Hooker, J.
The defendant recovered a judgment against the Architectural Iron & Wire Works for a breach of a contract. He was afterwards sued by the assignee of the iron works for the price of the articles furnished to him under the contract, the assignment being made before his action for damages was instituted. In this action he sought to set off or recoup his damages, which was permitted by the trial court. The plaintiff has appealed the case, contending that the claim for damages is merged in the defendant’s judgment, and therefore will not again support an action or defense, and that the judgment cannot be set off against the plaintiff, for the reason that there is a want of privity. It is also claimed that the plea was insufficient to warrant the admission of this proof.
[482]*482, It must be admitted that the plaintiff is not privy to the judgment, because he acquired' his rights, whatever they are, before defendant began his action. Bartero v. Bank, 10 Mo. App. 76; Powers v. Heath’s Adm’r, 20 Mo. 319; Mathes v. Cover, 43 Iowa, 512; Todd v. Flournoy’s Heirs, 56 Ala. 99 (28 Am. Rep. 758); Marshall v. Croom, 60 Ala. 121; Cook v. Parham, 63 Ala. 456; Coles v. Allen, 64 Ala. 98; Winslow v. Crindal, 2 Geenl. 64; Weed Sewing-Machine Co. v. Baker, 1 McCrary, 579; Bigelow, Estop. 135, 136. He is privy, however, to the injury upon which defendant’s judgment rests. It is also true that the claim of the defendant was merged in the judgment against the iron works, and the judgment would be a bar to another action, or an attempt to recoup the damages, against the Architectural Iron & Wire Works. But the judgment could be set off in an action brought by the iron works, or an action might be brought upon it., We deem it unnecessary to cite authorities in support of these principles, which are elementary.
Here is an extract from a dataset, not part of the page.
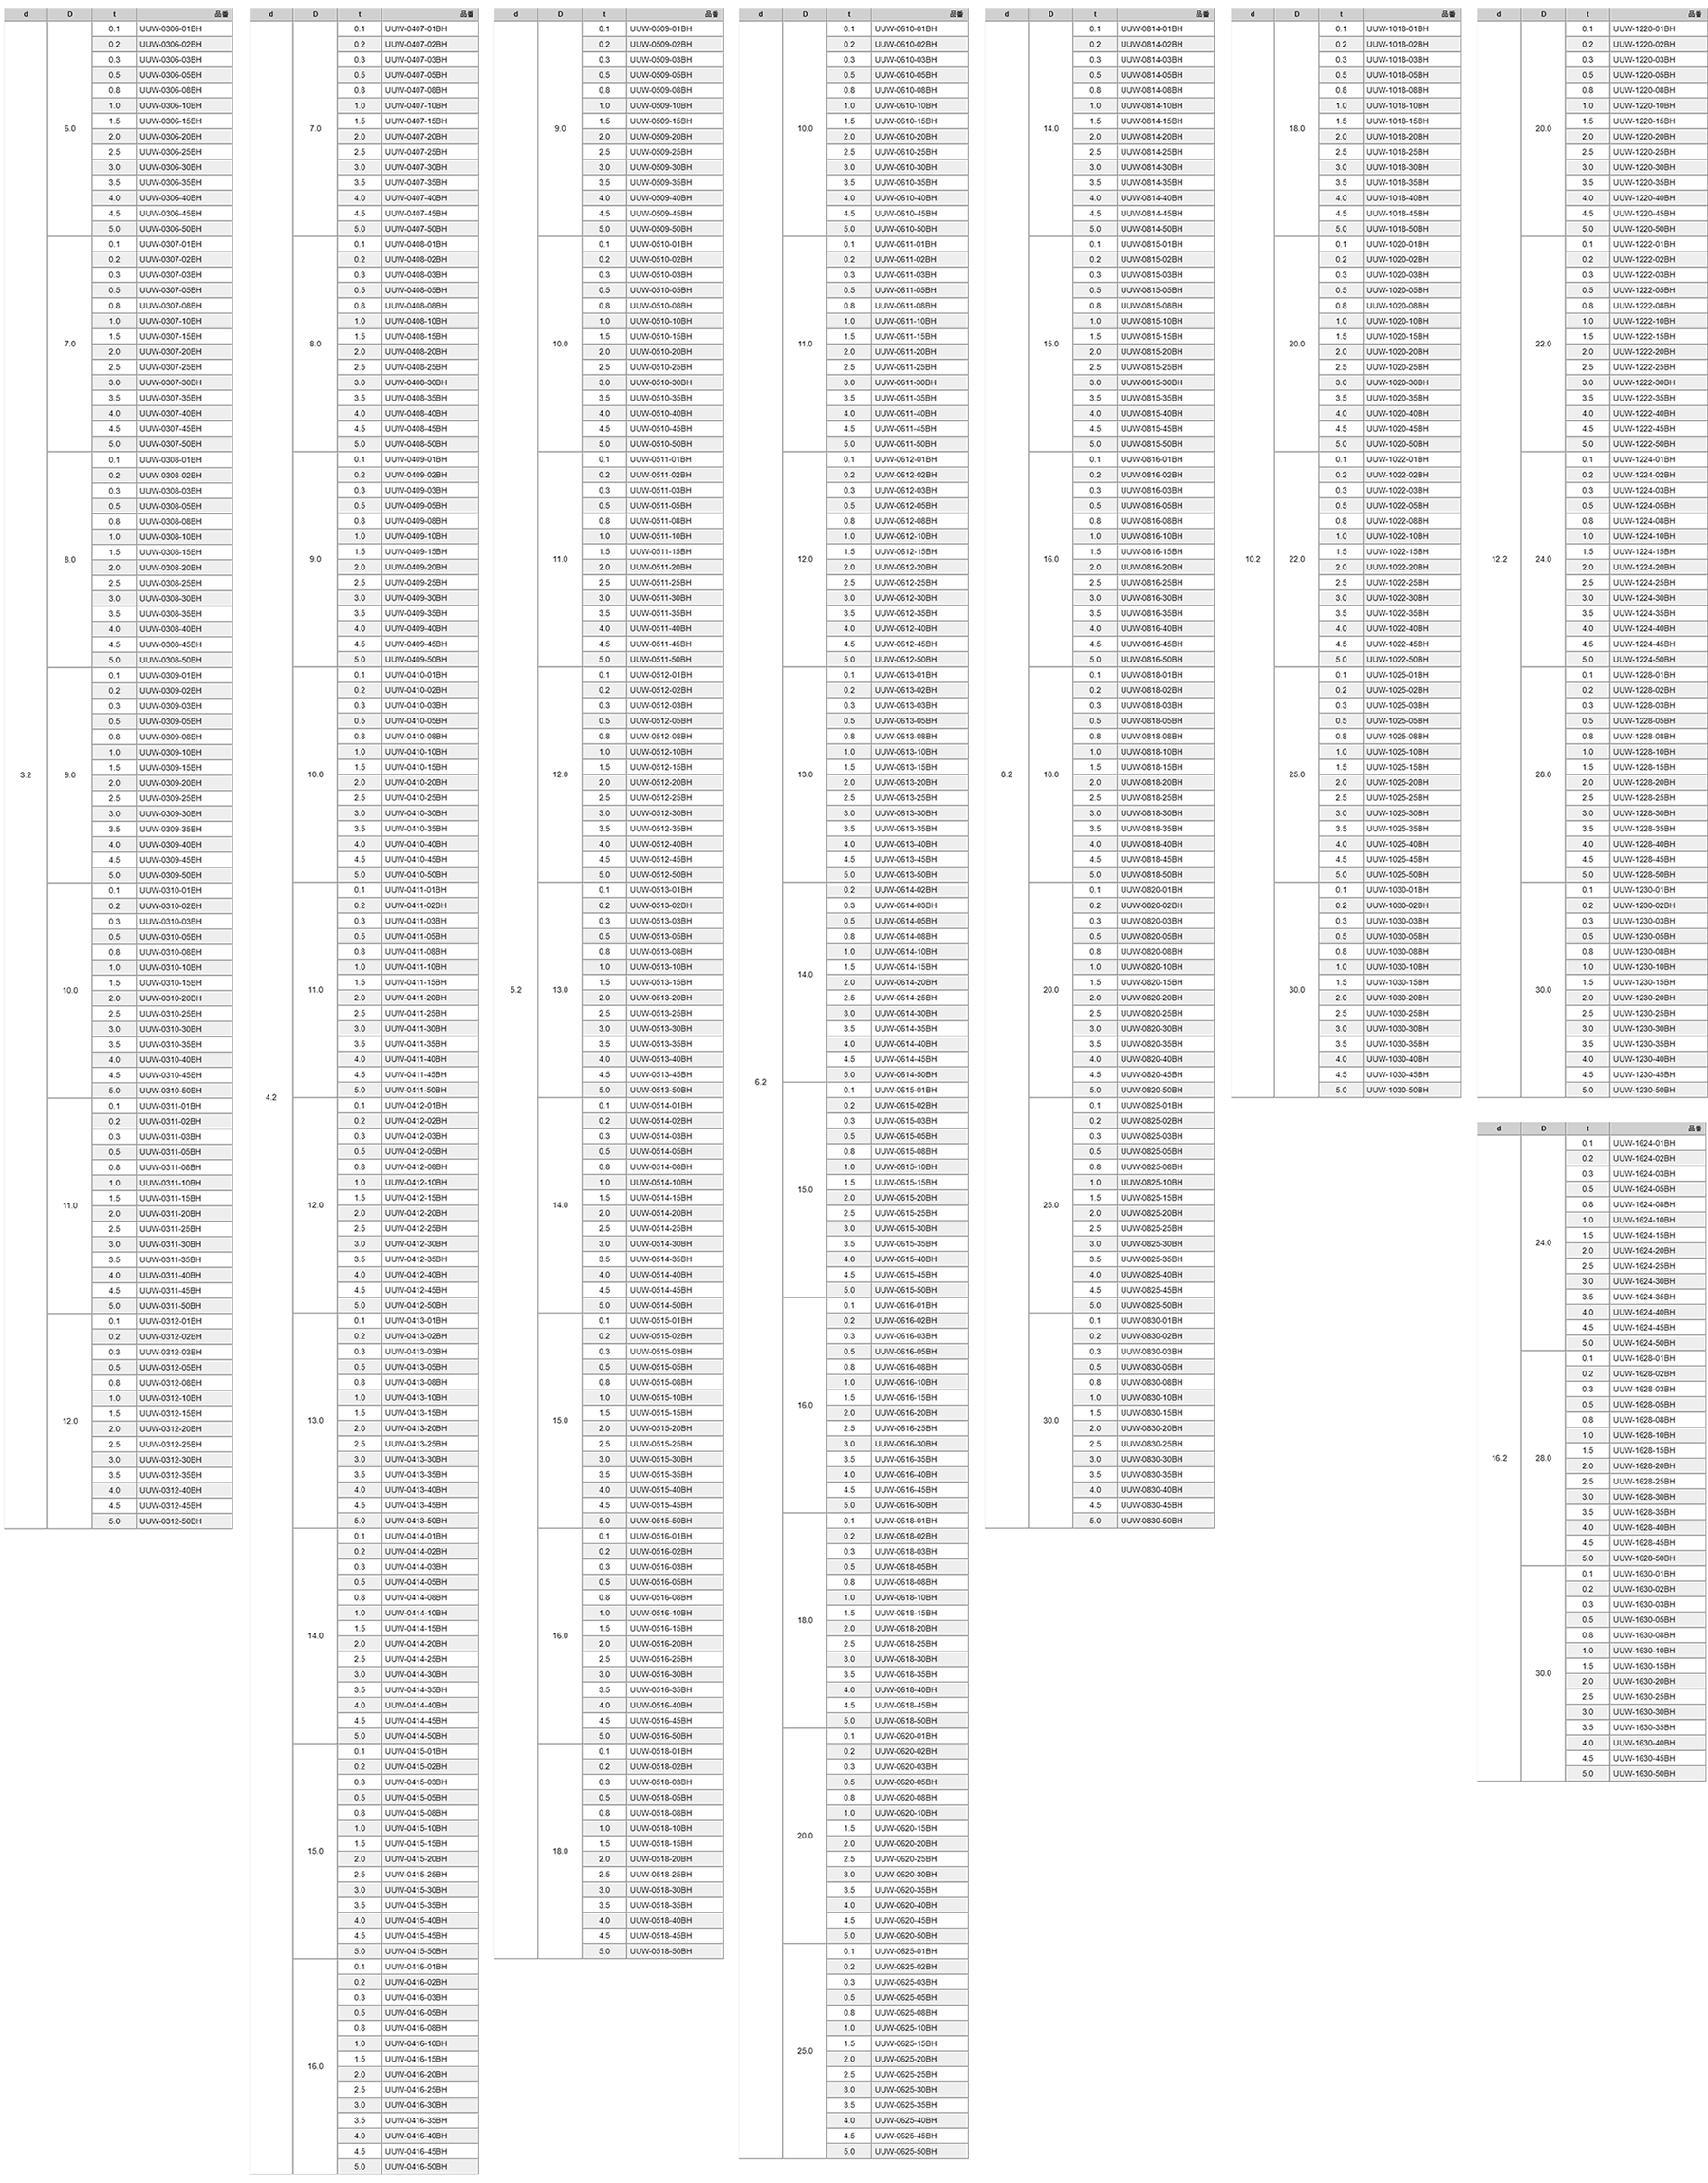 ステンレスSUS304 丸型平座金 (丸ワッシャー/フルサイズ)(UUW-BH)(黒色焼付け処理)(内径x外径-厚)の寸法表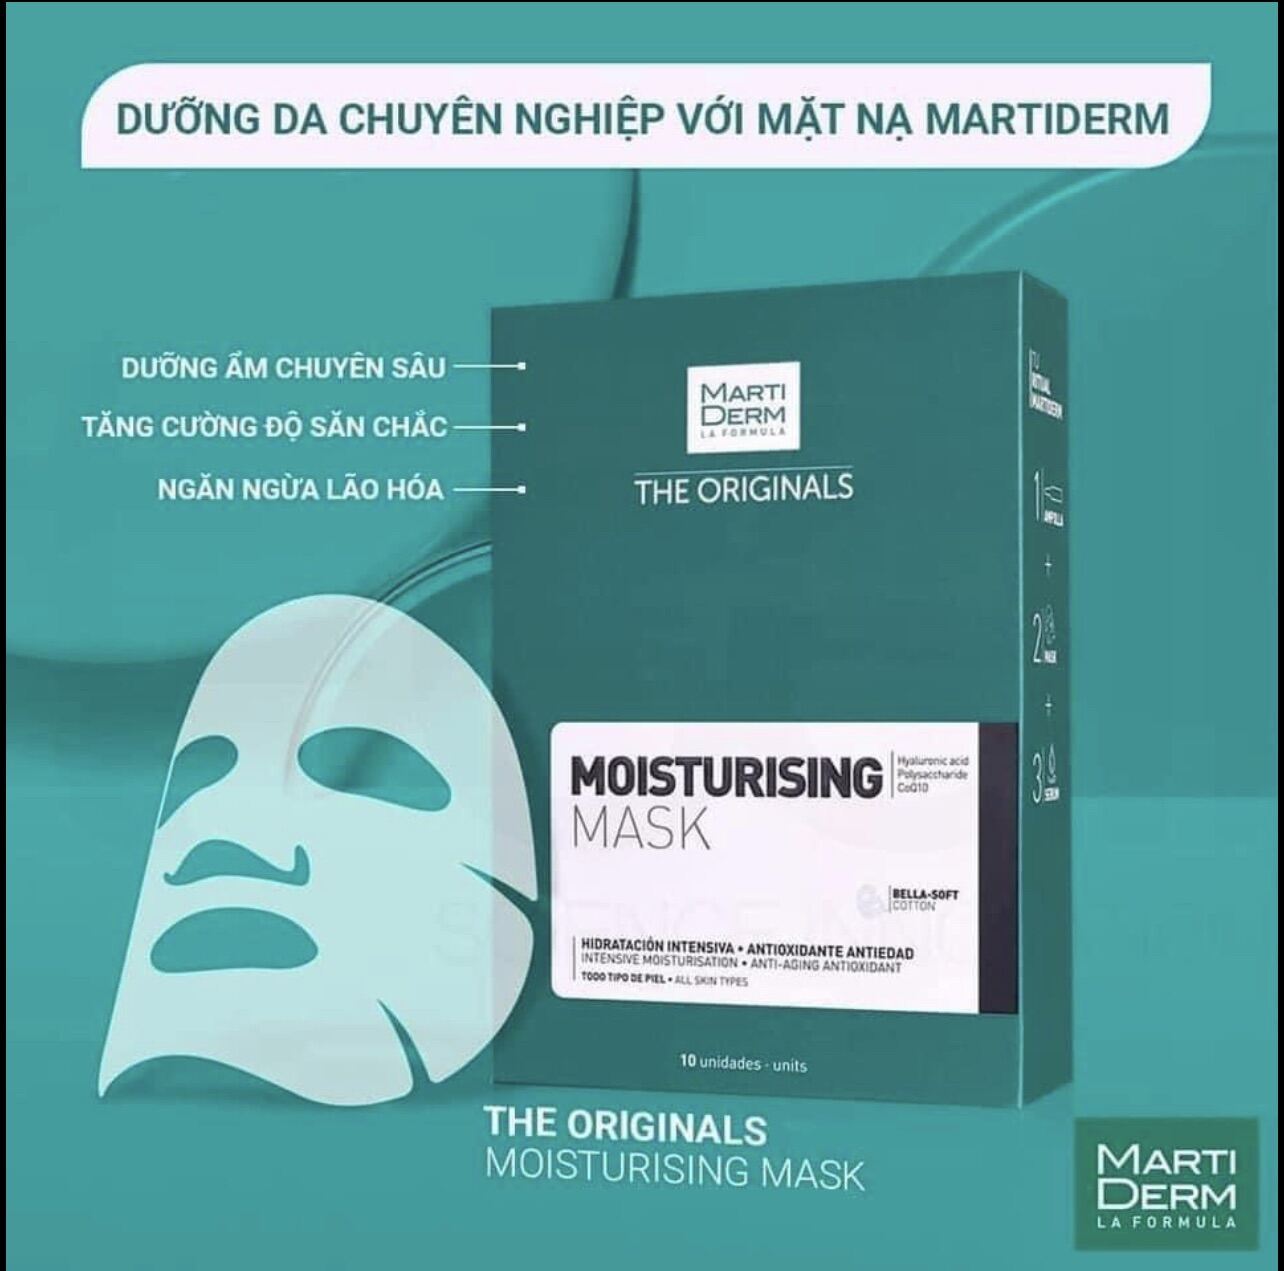 [HÀNG XÁCH TAY]Mặt nạ dưỡng ẩm da - MartiDerm The Originals Moisturising Mask (25ml x 1 miếng) date T11/23 và T10/24

It is nevertheless true that the plaintiff took this claim subject to the equitable right of the defendant to have his damages applied upon it, and all that can prevent is the technical rule that they are merged in a judgment against plaintiff’s assignor. Theoretically, this may be said to be no hardship, because, if the defendant shall pay the plaintiff’s claim, he would yet have the- right to collect his judgment for damages, which would work out exact justice to all. Practically, however, this is not so, because he cannot collect his judgment. The iron works is insolvent, and was at the time the plaintiff, who was a stockholder in the concern, took his assignment, and the defendant cannot collect his judgment in any other way than to set it off against his contract obligation. Furthermore, the record contains evidence that he was ignorant of the assignment at the time he took his judgment, and had a right to suppose that, by obtaining the judgment, he had settled the question of his liability on the contract, and was led to do so to avoid liability in a garnishment [483]*483suit, which was adjourned for the purpose. But for the previous assignment, this would' have been so, because the judgment would have bound all persons afterwards acquiring title to the claim from the iron works.
“According to more recent cases, the doctrine that claims become merged in judgments is supported on the grounds that the allowance of a new suit is a superfluous and vexatious encouragement to litigation, injurious to the defendant and of no benefit to the plaintiff15 Am. & Eng. Enc. Law, 339, and cases cited.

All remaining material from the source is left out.